This article describes how to analyze high CPU usage on a FortiGate.
Table of Contents
Scope
FortiGate, FortiOS.
Solution
It is important to understand how CPU usage is measured:
CPU usage is a time-based measurement: it is the amount of time during which the CPU has not been IDLE over time and has been executing instructions.
The CPU can be mainly used by 3 distinct spaces:
- user space -> Time spent on running application daemons.
- system -> Time spent on executing Kernel instructions.
- interrupts (irq/softirqs) -> Time spent on handling interrupts.
Starting an investigation for high CPU with ‘diagnose system top’ is not a good idea as the top command only shows the CPU usage of user space daemons, so it does not provide the whole picture of the actual CPU usage.
Better options to start investigating are ‘get sys performance status’ and ‘diagnose sys mpstat <refresh seconds>’.
Both commands show the actual percentage usage for each space for each CPU.

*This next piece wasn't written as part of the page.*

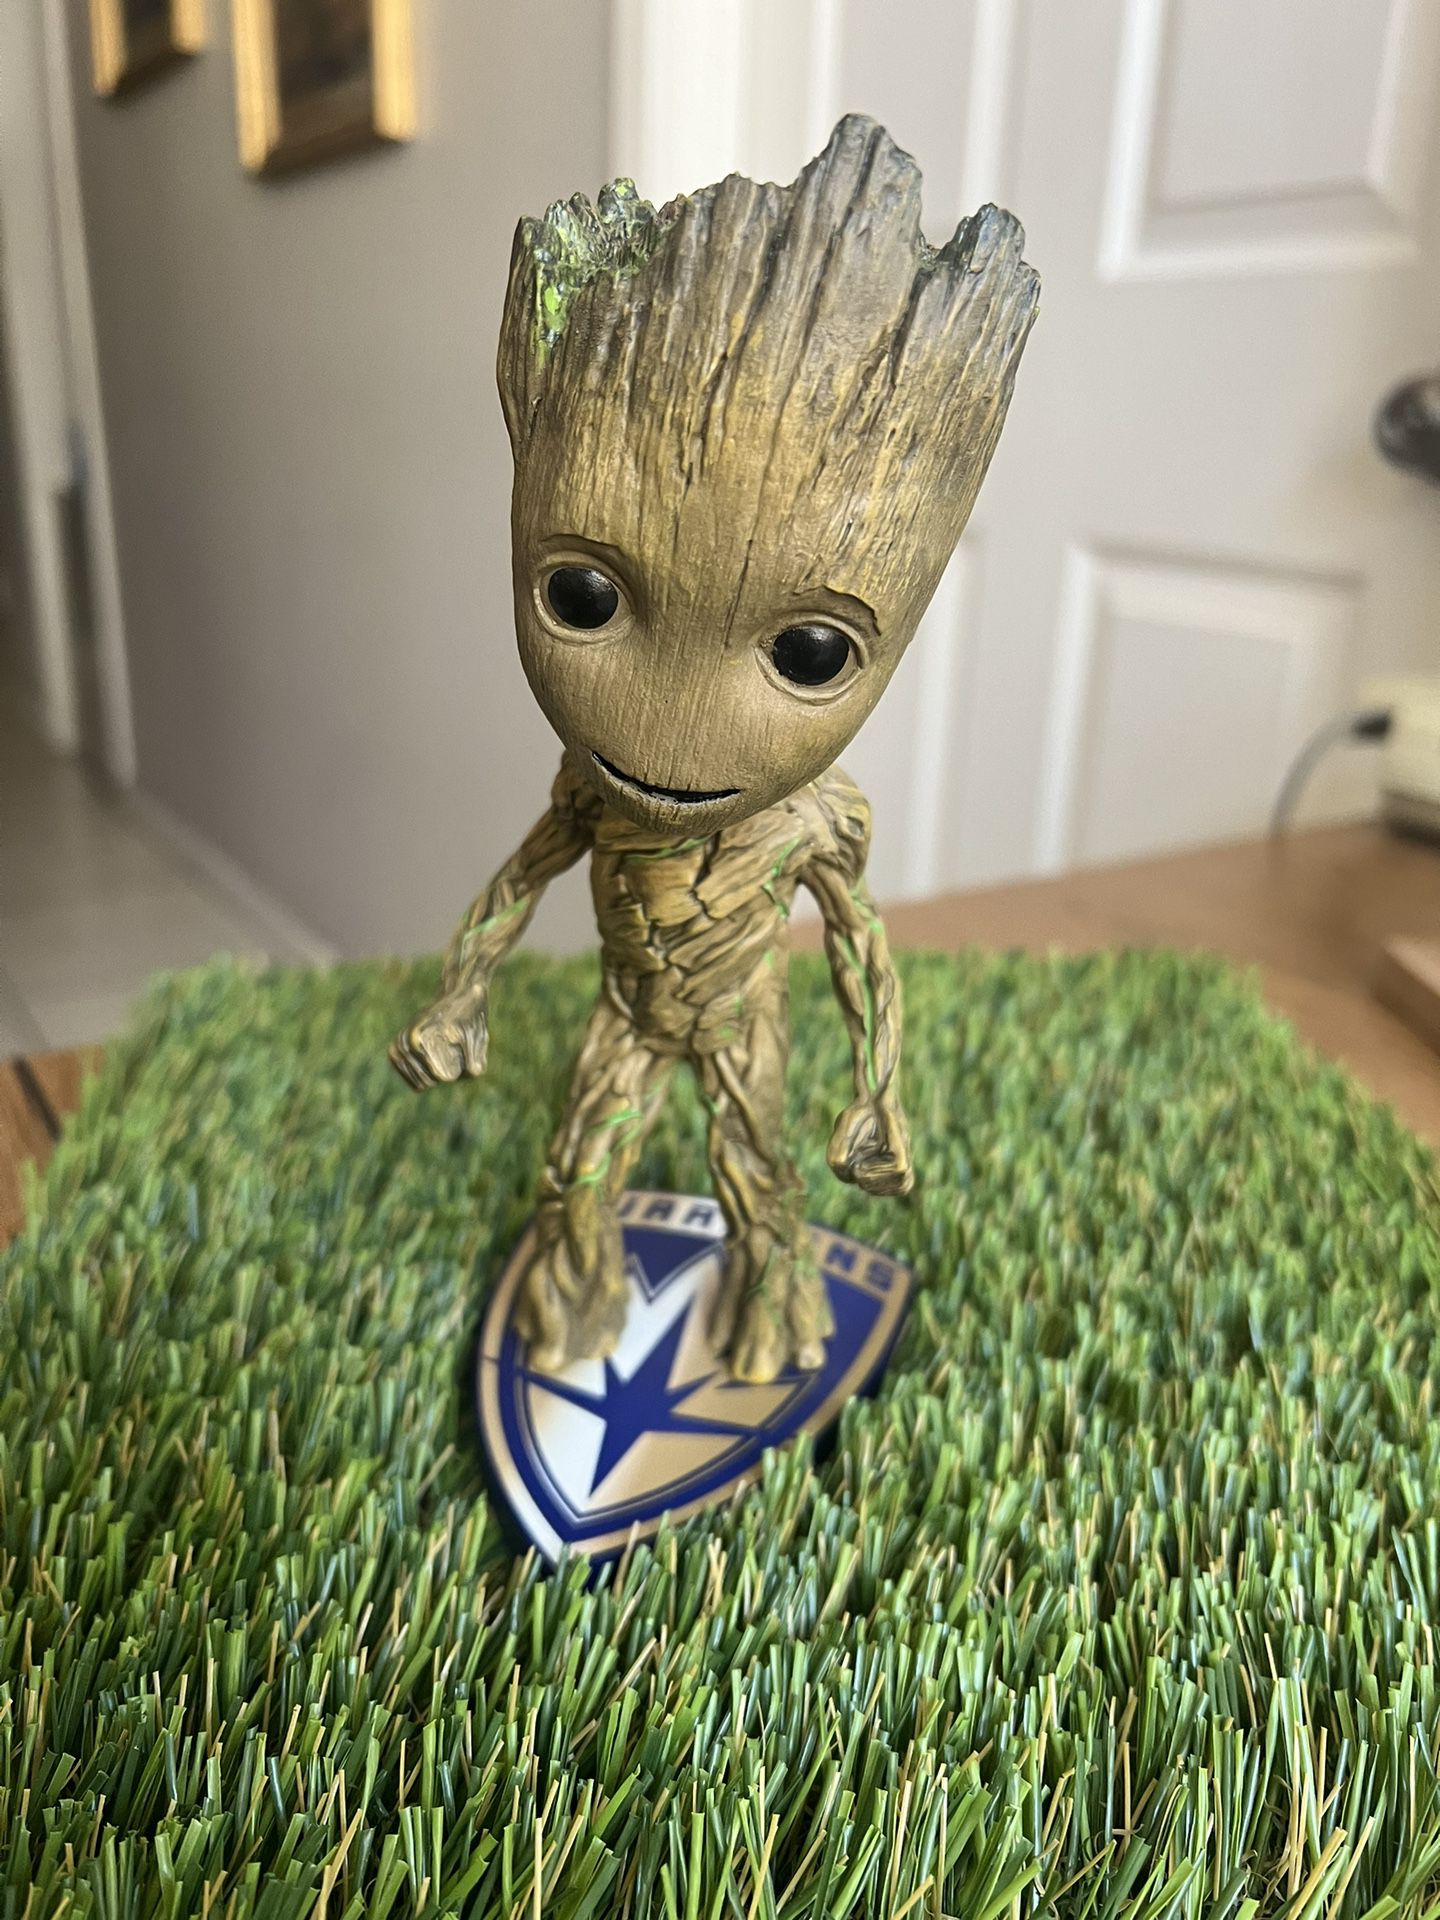 Marvel Guardians of the Galaxy 7"  Groot Bobblehead by Neca on Shield Figurine

get sys performance status CPU states: 0% user 0% system 0% nice 99% idle 0% iowait 1% irq 0% softirq CPU0 states: 0% user 0% system 0% nice 99% idle 0% iowait 1% irq 0% softirq Memory: 2055760k total, 1093300k used (53.2%), 567356k free (27.6%), 395104k freeable (19.2%) Average network usage: 243 / 23 kbps in 1 minute, 241 / 62 kbps in 10 minutes, 223 / 4 kbps in 30 minutes Average sessions: 54 sessions in 1 minute, 48 sessions in 10 minutes, 44 sessions in 30 minutes Average session setup rate: 0 sessions per second in last 1 minute, 0 sessions per second in last 10 minutes, 0 sessions per second in last 30 minutes Virus caught: 0 total in 1 minute IPS attacks blocked: 0 total in 1 minute Uptime: 1 days, 0 hours, 55 minutes diagnose sys mpstat 2 Gathering data, wait 2 sec, press any key to quit. ..0..1 TIME CPU %usr %nice %sys %iowait %irq %soft %steal %idle 11:42:42 AM all 0.00 0.00 0.00 0.00 0.50 0.00 0.00 99.50 0 0.00 0.00 0.00 0.00 0.50 0.00 0.00 99.50
Once the main type of usage has been identified, the focus can be moved to the specific use space.
User space
At this point, ‘diagnose system top’ can be used to identify the application which is consuming all the CPU time and debug it with the specific application debug commands.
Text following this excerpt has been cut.